The billboard is a protest against what is regarded as an anti-Polish bias in German media coverage of the Holocaust

Cantabs walking down King’s Parade yesterday might have been bemused to see an enormous billboard displaying the stylised features of Adolf Hitler and calling upon German broadcaster Zweites Deutsches Fernsehen (ZDF) to apologise.
It is in fact a protest by a group of Polish activists against language in Western media which they feel unfairly blames Poles for the atrocities committed in their country by Nazi Germany.
The billboard shows a pale grey photo of the infamous rail entrance to the concentration camp in Auschwitz-Birkenau, with a depiction of Adolf Hitler’s moustache and hair emblazoned over the top in black.
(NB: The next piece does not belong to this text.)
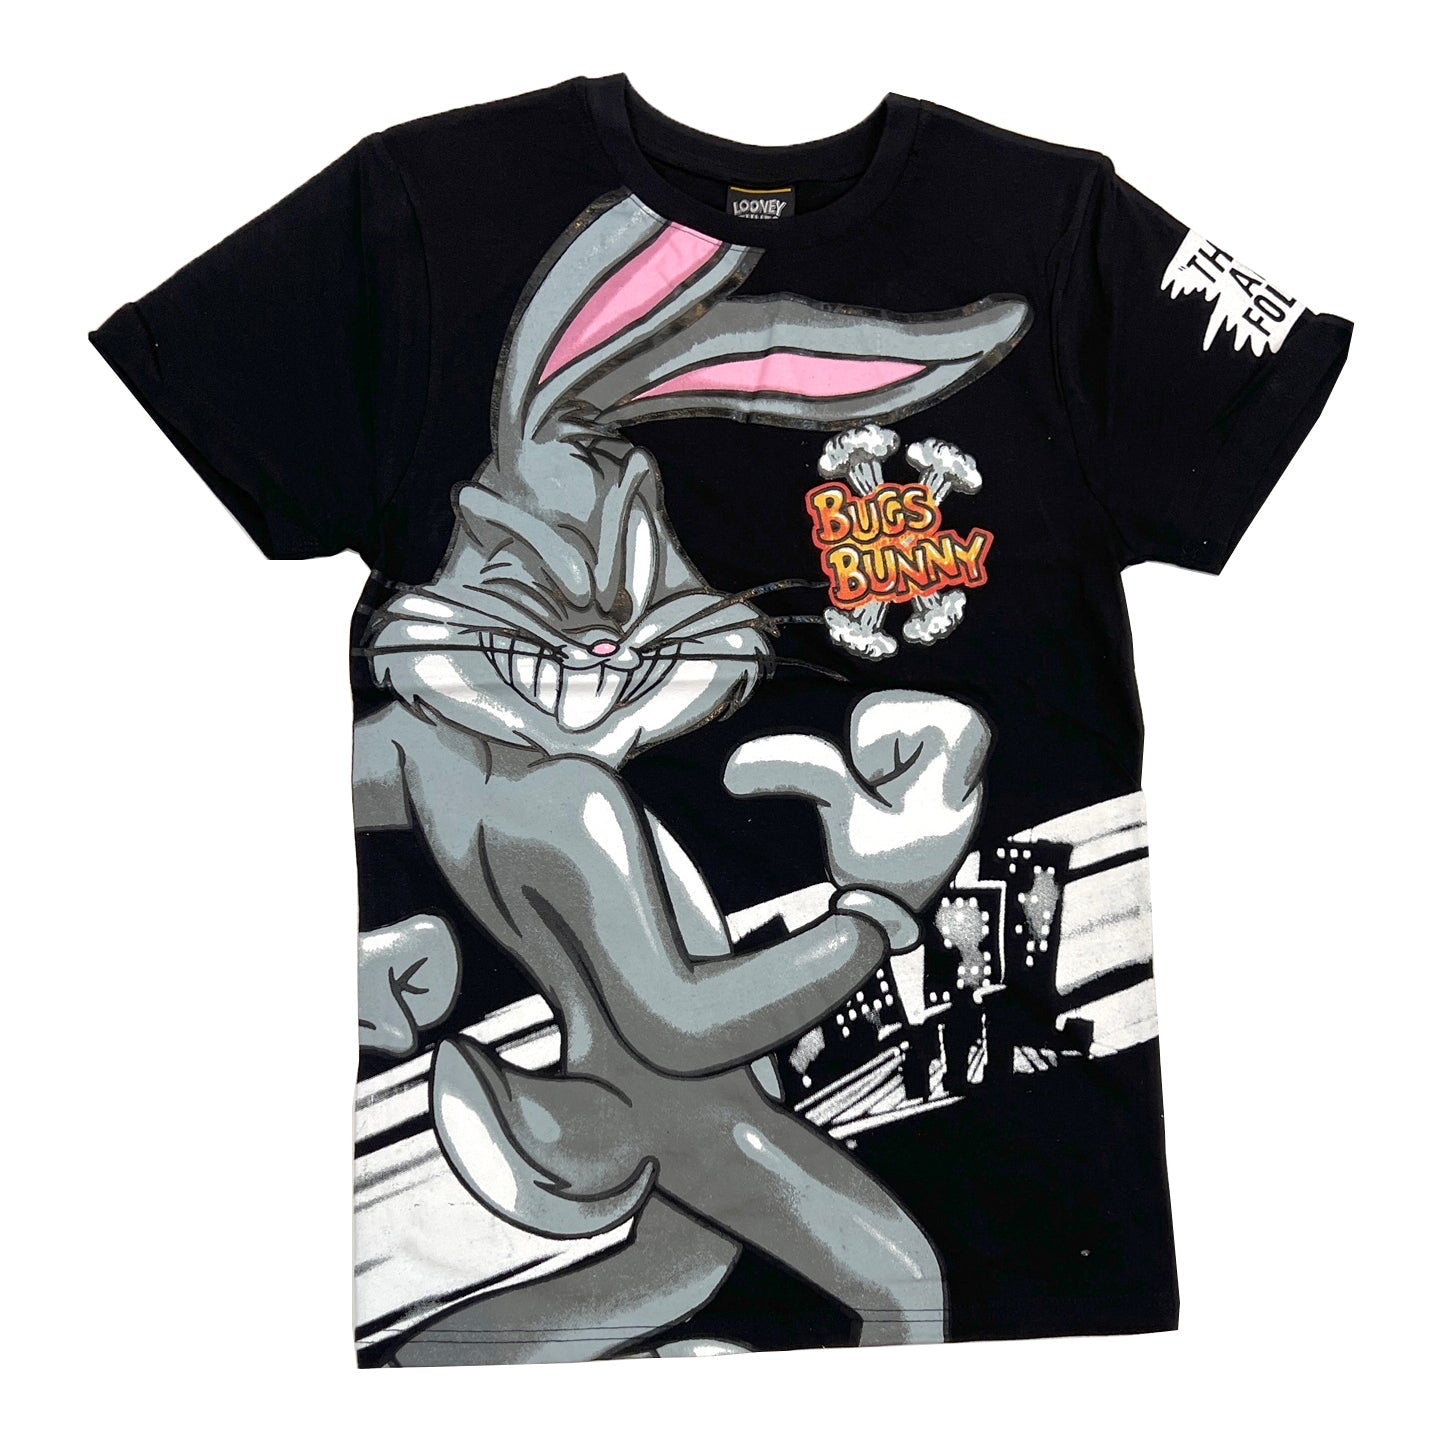 (Black) $16.99 $30 2 / Bunny for Gel Tunes Print Tee Bugs Looney

Its caption, “Death camps were Nazi German - ZDF apologise!”, is a reference to a controversy which engulfed the German outlet after it broadcast references to Polish involvement in the notorious death camps in a promotion for a documentary. Last month, a Polish court ordered ZDF to apologise to a survivor of Auschwitz for the material.

The billboard has been on a 1000-mile journey from Wroclaw, Poland, through Germany and Belgium, finally ending its trip in Cambridge. It is being towed by a group of Polish activists from the city of Wroclaw, in the south of Poland, to the UK. Cambridge was its final destination.
The billboard protest is run by the Foundation for the Traditions of Town and Country, a Poland NGO. David Hallman, a member of the organisation said, “The idea of our campaign is simple. We demand the historical truth, we oppose the use of the term ‘Polish concentration camps’, which is commonly used by Western media.”